Auto-amélioration : Enfin, les capacités d’auto-amélioration et d’adaptation constituent des propriétés centrales des systèmes d’IA avancés fondés sur le machine learning. Elles désignent la faculté d’apprendre à partir de l’expérience afin d’ajuster son comportement et d’améliorer ses performances au fil du temps.
Il convient dès lors de ne pas confondre les agents IA avec les assistants IA ou les chatbots. Là où les agents IA sont capables d’exécuter de manière proactive et autonome des tâches complexes impliquant plusieurs étapes, et de prendre des décisions sur cette base, les assistants IA se limitent à aider les utilisateurs dans la réalisation de tâches en répondant à leurs requêtes, tandis que les chatbots automatisent essentiellement des conversations simples à partir de règles prédéfinies. Ce sont donc le caractère proactif et autonome, la capacité à exécuter des séquences de tâches complexes et l’aptitude à apprendre de l’expérience afin d’améliorer leurs performances qui distinguent fondamentalement les agents IA des autres catégories d’outils conversationnels.
Selon Sam Altman, fondateur de OpenAI, les agents IA correspondraient au « niveau 3 » de l’échelle d’évaluation des systèmes d’IA, après les systèmes capables de raisonner (niveau 1) et les robots conversationnels de type ChatGPT (niveau 2). Le « niveau 4 », présenté comme la prochaine étape dans la quête de la superintelligence et comme un horizon quasi inéluctable du développement de l’IA, consisterait à concevoir des agents plus intelligents que des humains experts dans leur domaine, capables non seulement d’exécuter des tâches complexes, mais aussi d’innover ou d’assurer le travail de toute une organisation. Dans cette perspective, les agents IA actuels apparaissent comme des versions améliorées des assistants conversationnels existants, tels que Copilot (Microsoft), Gemini (Google), ChatGPT (OpenAI) ou Claude (Anthropic).
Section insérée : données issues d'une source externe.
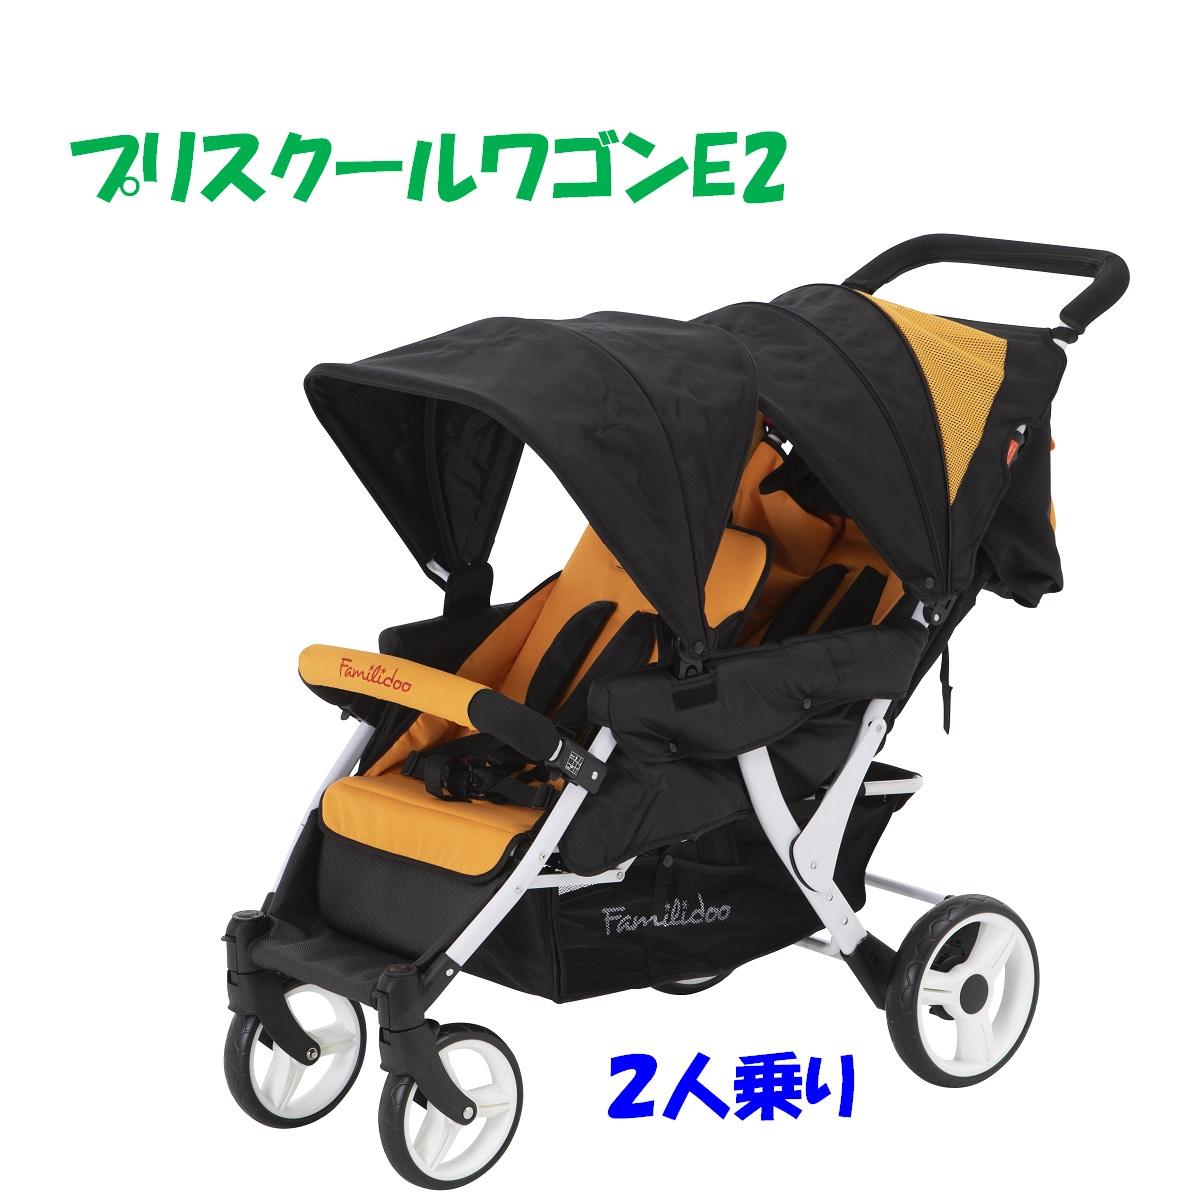 【ママ割エントリーで+5倍】【二人乗りベビーカー】日本育児 プリスクールワゴンE2 オレンジ6670013001 / 2人のり おさんぽ【ラッキーシール対応】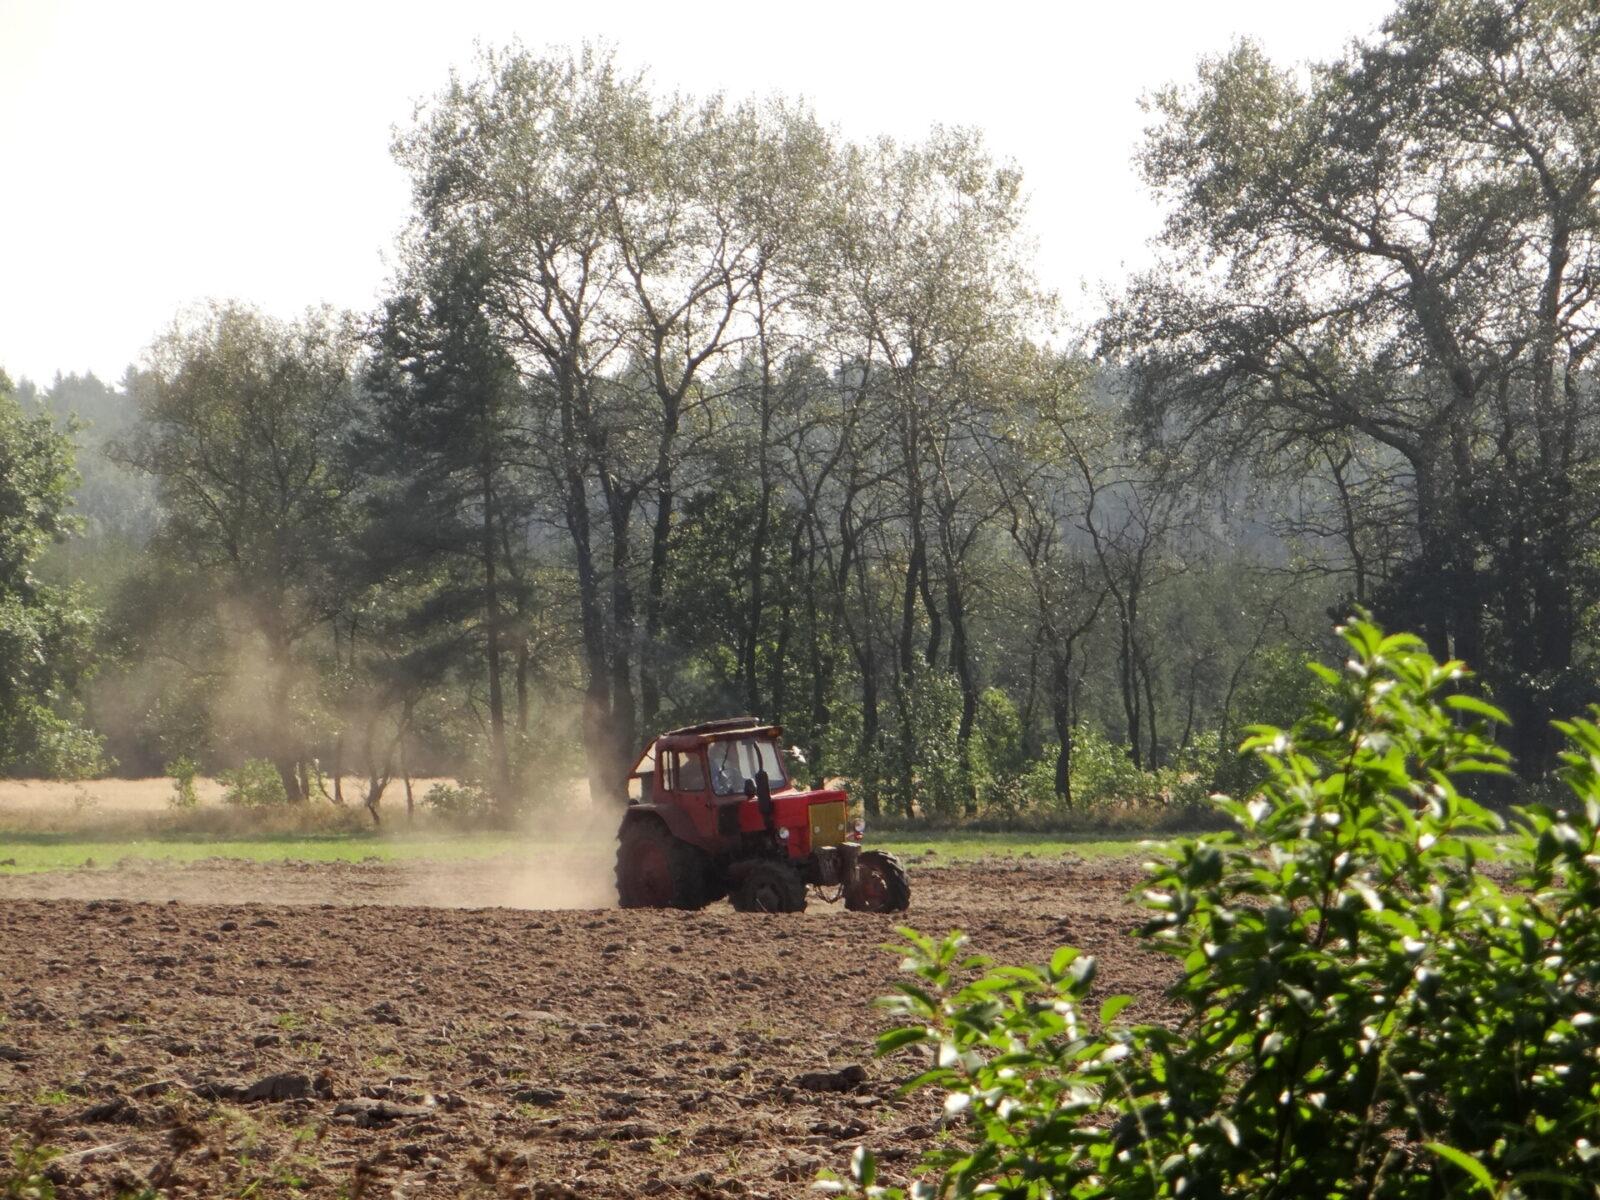 Czy Europejski Zielony Ład w rolnictwie powstrzymuje wypłukiwanie składników pokarmowych i ogranicza eutrofizację Morza Bałtyckiego?

Au-delà des promesses formulées par les concepteurs de systèmes d’IA, qui annoncent l’omniprésence prochaine de ces agents capables d’accomplir de manière autonome des tâches complexes à la manière d’un employé hautement qualifié, ou d’agir comme des assistants et conseillers omniscients mis à la disposition de tous, les agents IA soulèvent néanmoins des questions majeures. Celles-ci concernent notamment la sécurité des systèmes d’information, le contrôle des usages qui en seront faits — bénéfiques ou malveillants —, ainsi que les effets potentiellement rapides et difficilement anticipables sur l’emploi, dès lors qu’il deviendrait possible d’automatiser à grande échelle, et à moindre coût, des tâches complexes jusqu’alors réalisées par des humains.